___ SUPPLIED ENTRIES ___

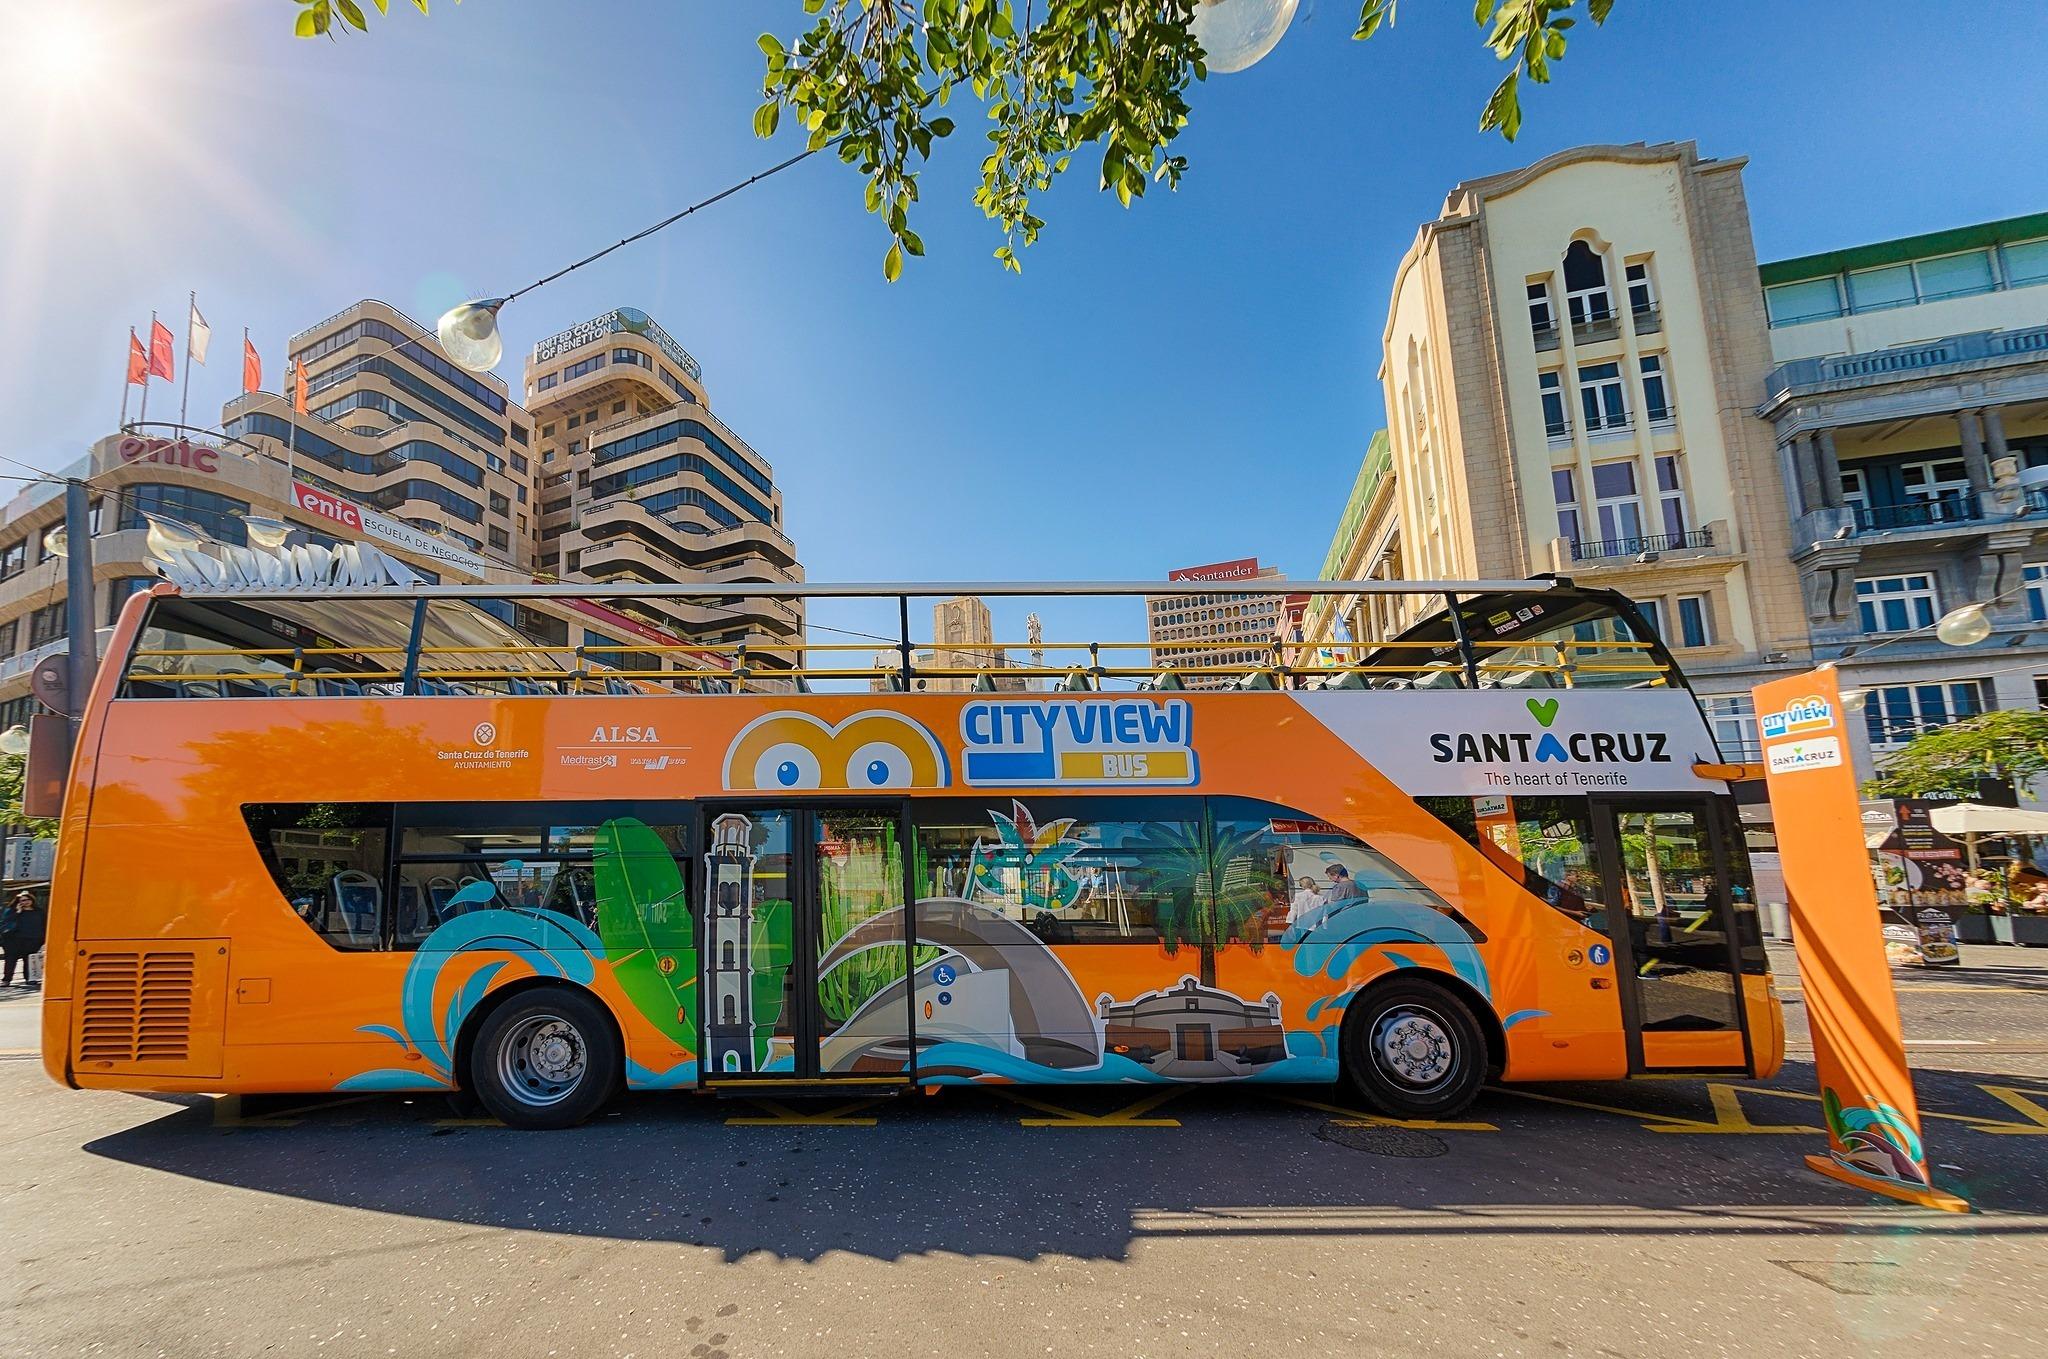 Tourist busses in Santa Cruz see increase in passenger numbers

___
___ SUPPLIED ENTRIES ___

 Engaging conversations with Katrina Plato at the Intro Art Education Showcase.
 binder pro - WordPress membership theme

___

DIRECTIONS
What is needed is an exact copy of the lines above, from the one containing "Engaging conversations with" through the one containing "binder pro - WordPress membership theme", with nothing added.

RESPONSE TO THE TASK
 Engaging conversations with Katrina Plato at the Intro Art Education Showcase.
 binder pro - WordPress membership theme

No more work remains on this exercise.